Sehr geehrter Herr Dr. Langen,

mein Interesse gilt den erwähnten "Negativdefinitionen" der Grundrecht-Charta der Europäischen Union. Sie selbst fragen nach der Herkunft der Information!

Im Amtsblatt vom 14.12.2007 unter C 303/17 wurden die „Erläuterungen zur Charta der Grundrechte“ als Bestandteil des Vertrages von Lissabon veröffentlicht. Gestatten Sie mir die Bemerkung, daß Sie diesbezüglich informiert sein müssten, Sie vertreten die Bürgerinnen und Bürger im Parlament.

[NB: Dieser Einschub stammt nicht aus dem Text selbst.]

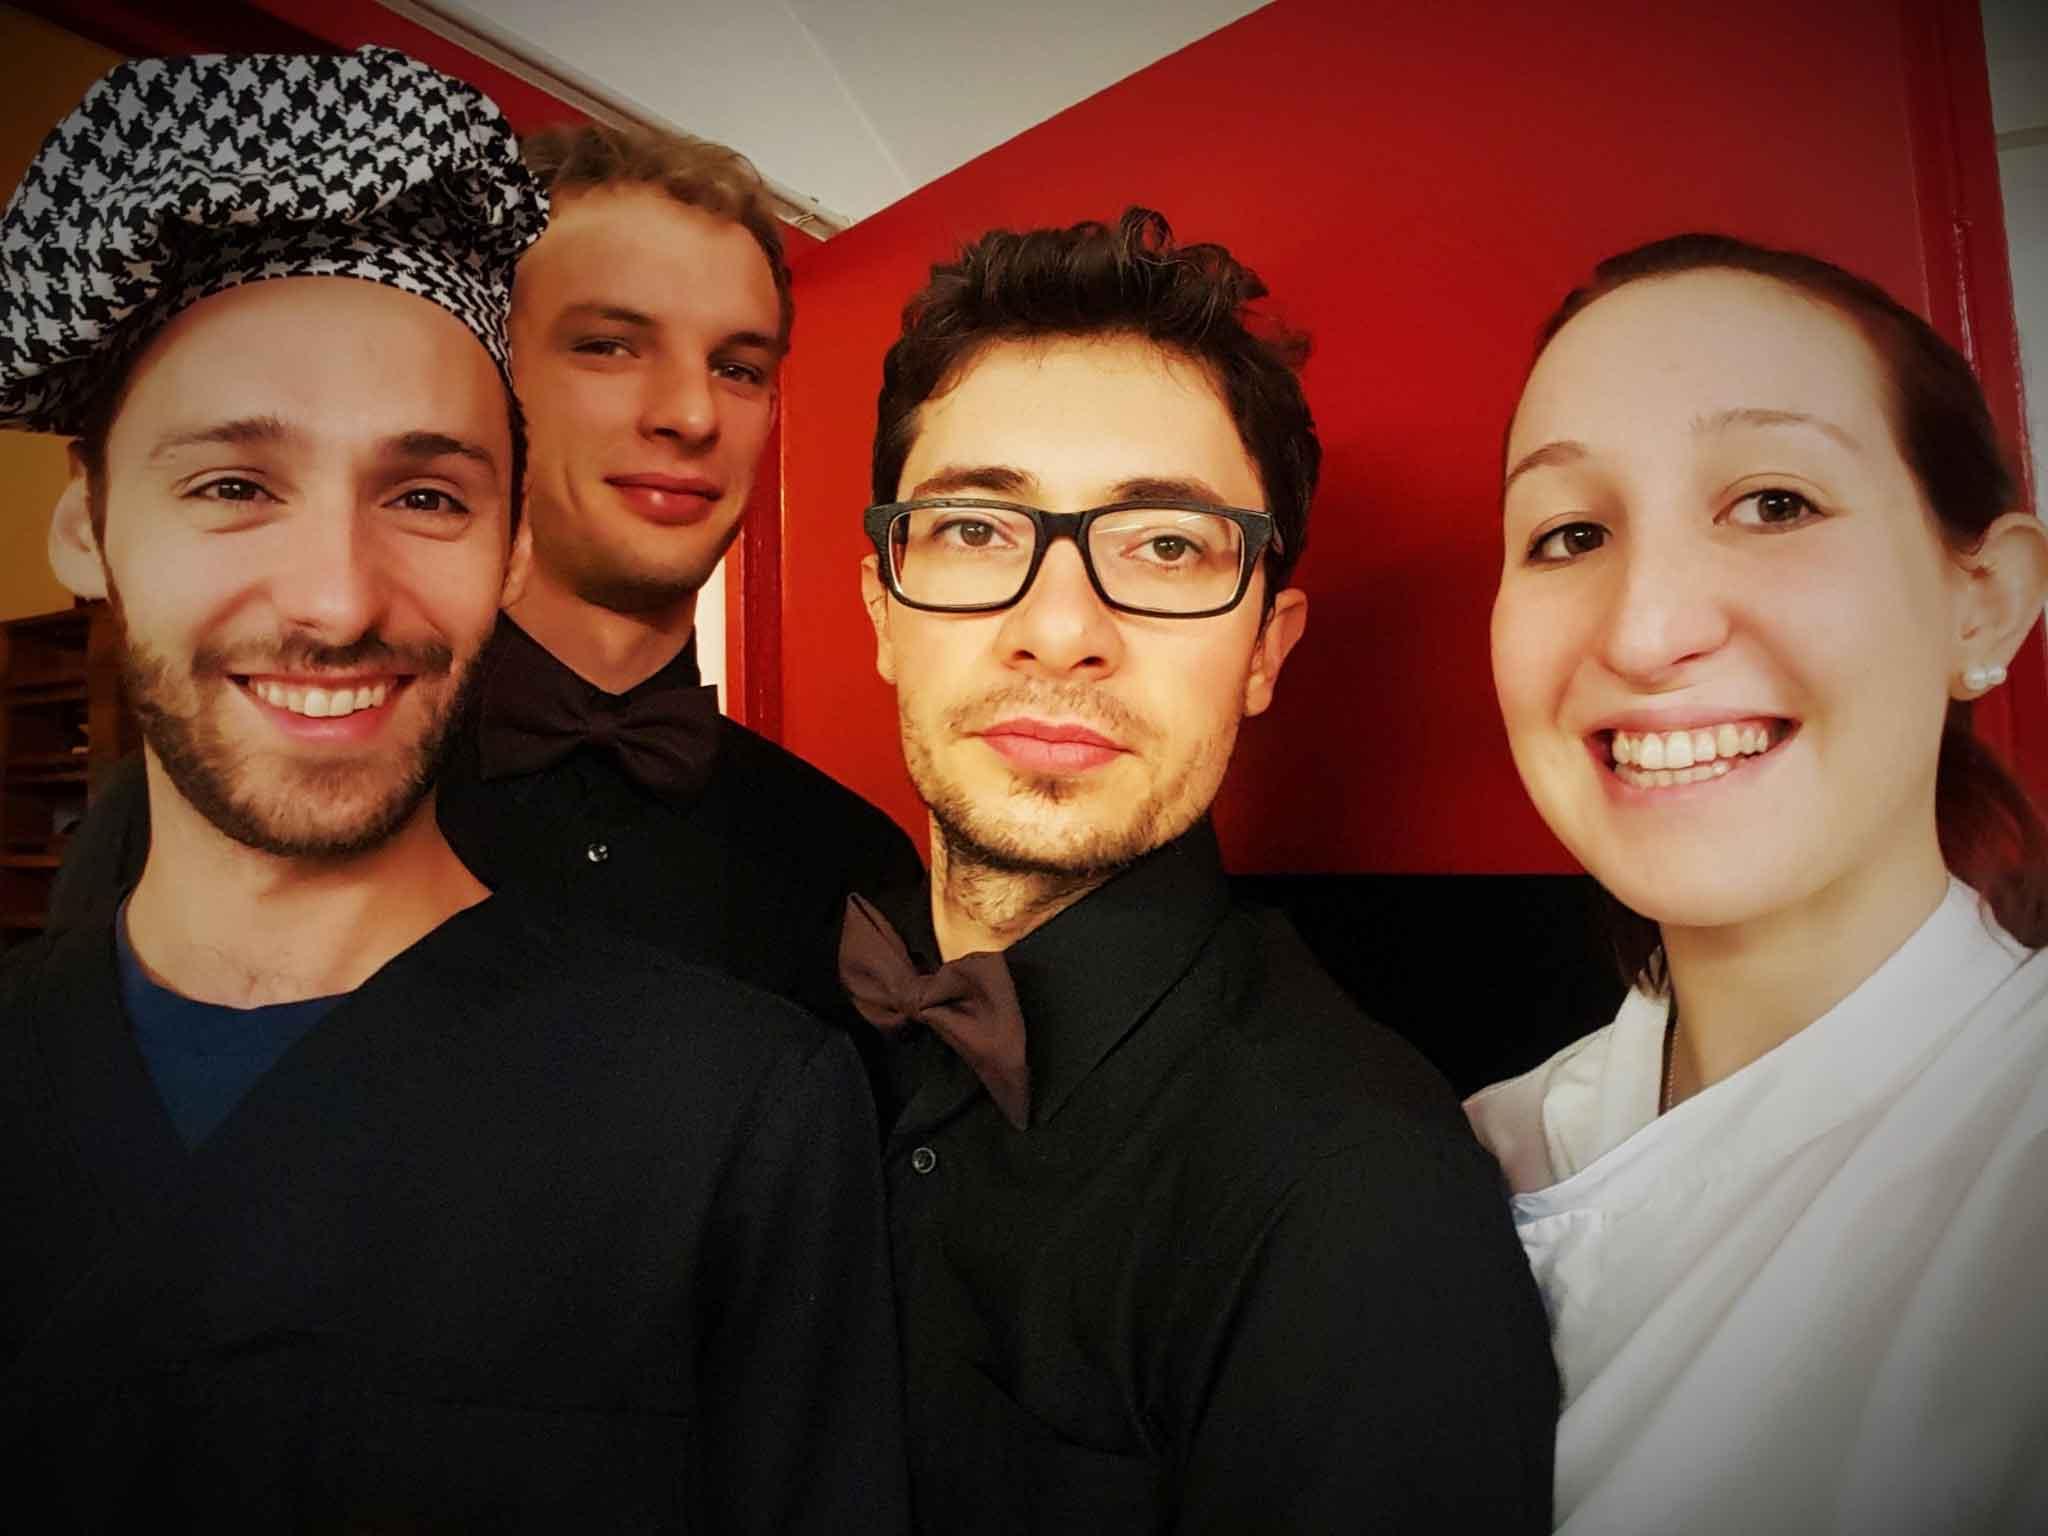 ristorante-badesse-casalgrande-staff

Wer, wenn nicht Sie muß solche Regelungen, die die Grundrechte der Menschen einschränkend betreffen, kennen!

Ich helfe Ihnen weiter:
Unter Ziffer 3 der Erläuterungen zu den Bestimmungen des Artikels 2 der Charta unter Buchstabe c) wird das Recht auf Leben dahingehend eingeschränkt, als eine Tötung nicht als Verletzung des Artikels 2 betrachtet wird, wenn sie durch eine Gewaltanwendung verursacht wird, die unbedingt erforderlich ist, um einen Aufruhr oder Aufstand rechtmäßig niederzuschlagen.

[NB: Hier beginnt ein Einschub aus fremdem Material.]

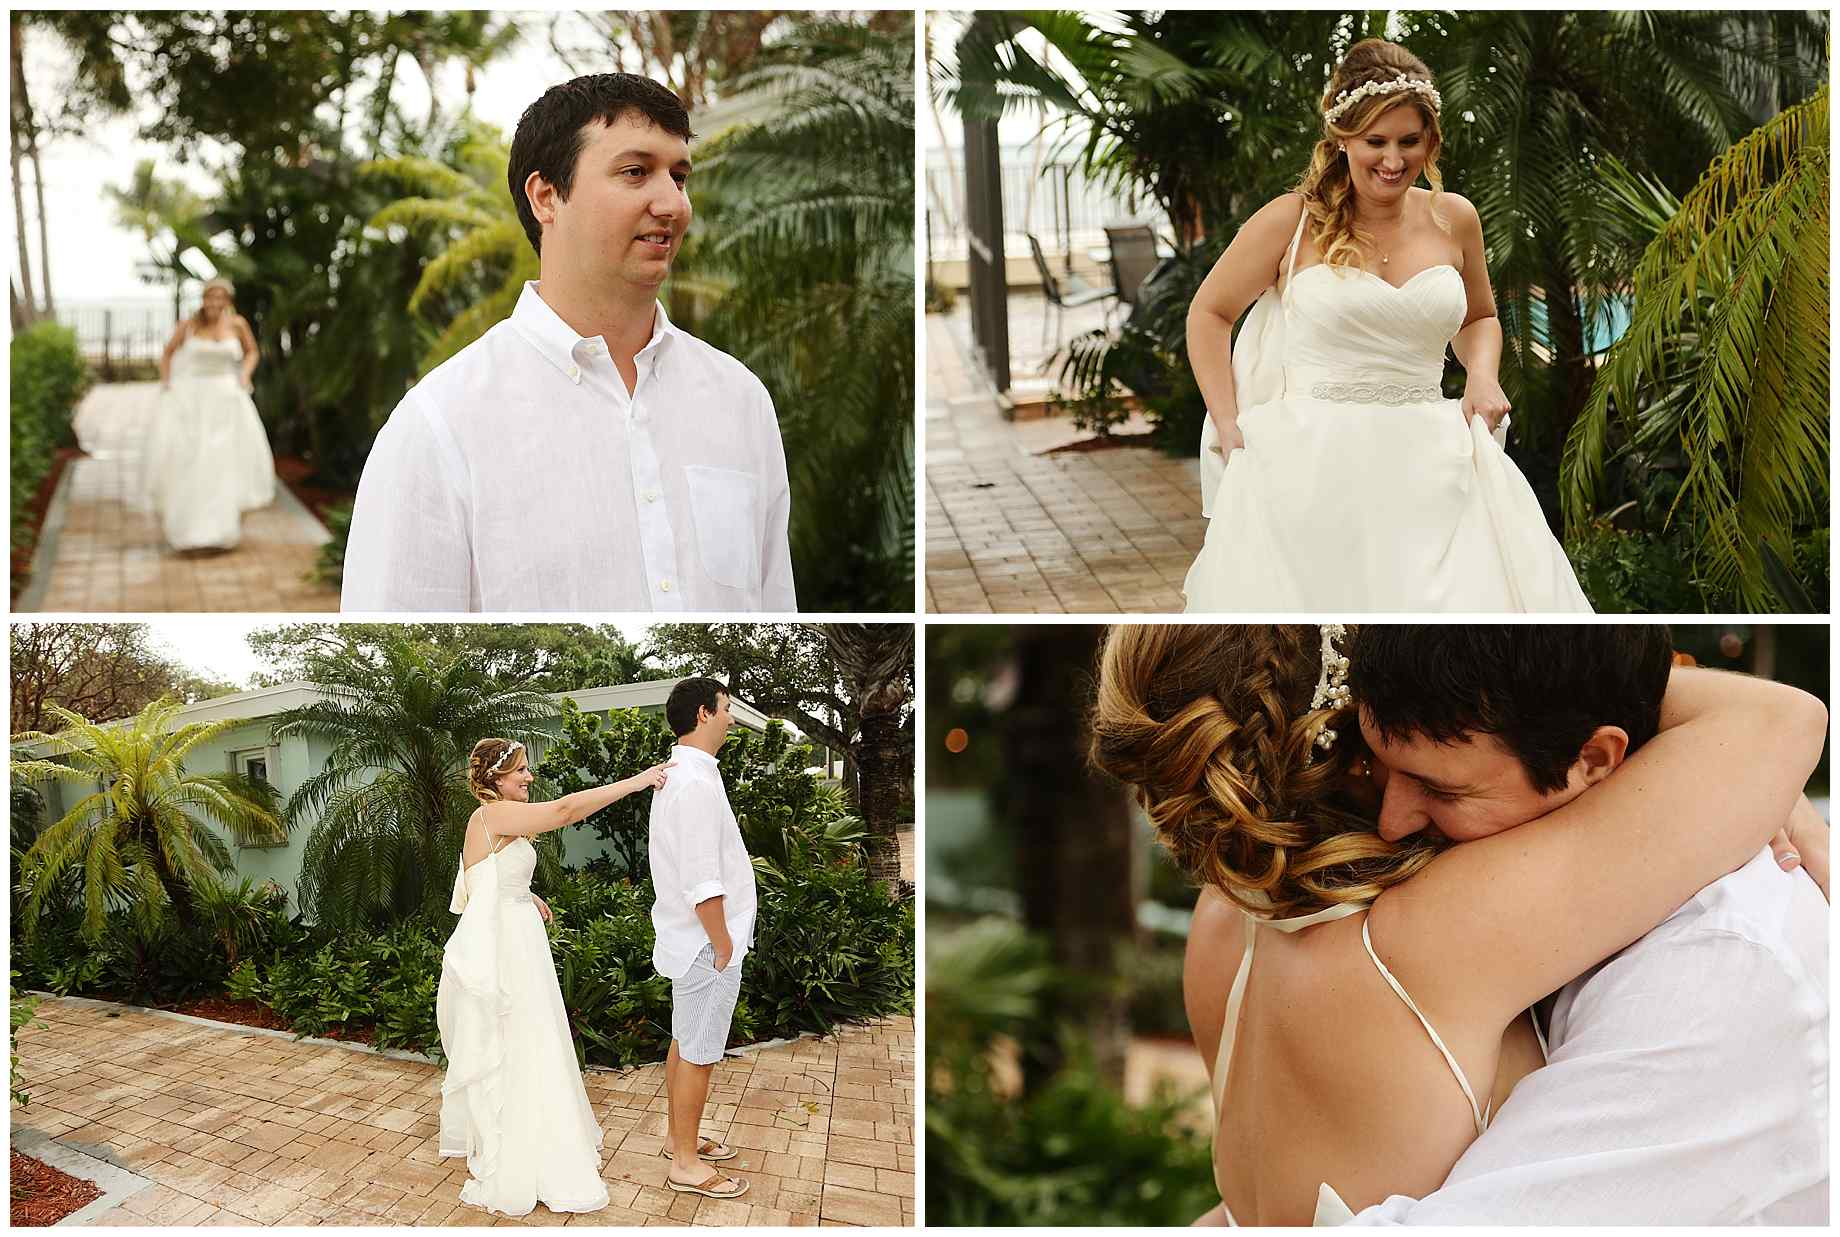 Key-Largo-Beach-Wedding-Photos-024

Ich möchte mich wiederholen: Es handelt sich um ein Zitat aus dem Amtsblatt der Europäischen Union.

Sie haben sich als nicht ausreichend informiert geoutet, Herr Dr. Langen. Und zwar in einem Bereich, der unzweideutig den Vertrag von Lissabon (neben anderen Einschnitten demokratischer Ordnung!) in ein sehr kritisch zu betrachtendes Licht zu rücken vermag.

Ich frage Sie deshalb:
1. Haben Sie dem Vertrag von Lissabon in Ausübung Ihres Amtes als Bürgerrepräsentant zugestimmt?

2. Halten Sie eine solch definierte Aushebelung des Rechtes auf Leben als Grundrecht vereinbar mit einer freiheitlich demokratischen Grundordnung, wie wir sie in der Bundesrepublik Deutschland kennen? Und wenn ja, wie begründen Sie das?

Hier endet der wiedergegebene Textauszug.